Top of RECORDS FOR THE EXERCISE

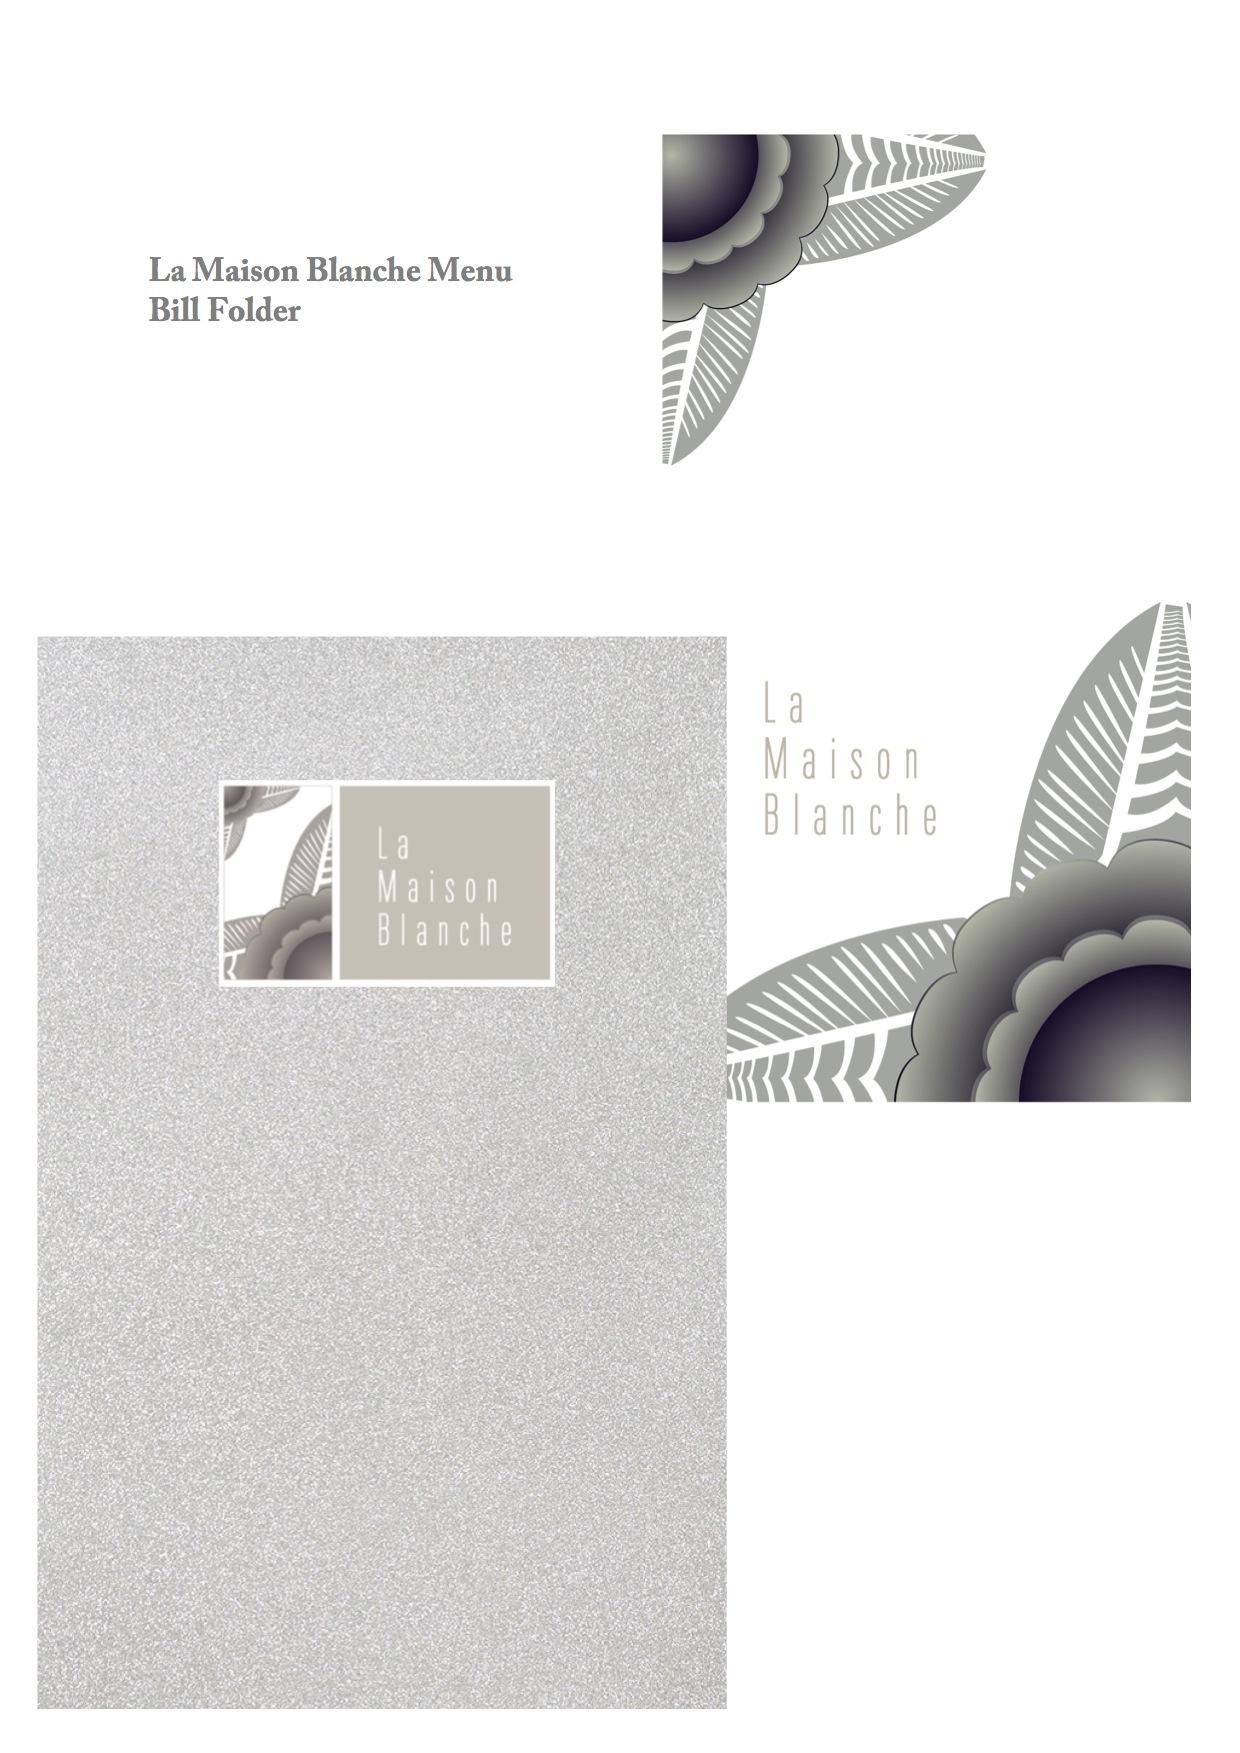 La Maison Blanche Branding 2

Bottom of RECORDS FOR THE EXERCISE
Top of RECORDS FOR THE EXERCISE

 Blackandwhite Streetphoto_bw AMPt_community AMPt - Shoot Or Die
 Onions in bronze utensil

Bottom of RECORDS FOR THE EXERCISE

◆ **AIM OF THE TASK**
Taking the lines above, repeat exactly those from the line that contains "Blackandwhite Streetphoto_bw AMPt_community" through the line that contains "Onions in bronze utensil", and both of those lines as well. Include nothing else.

◆ **ANSWER BOX**
 Blackandwhite Streetphoto_bw AMPt_community AMPt - Shoot Or Die
 Onions in bronze utensil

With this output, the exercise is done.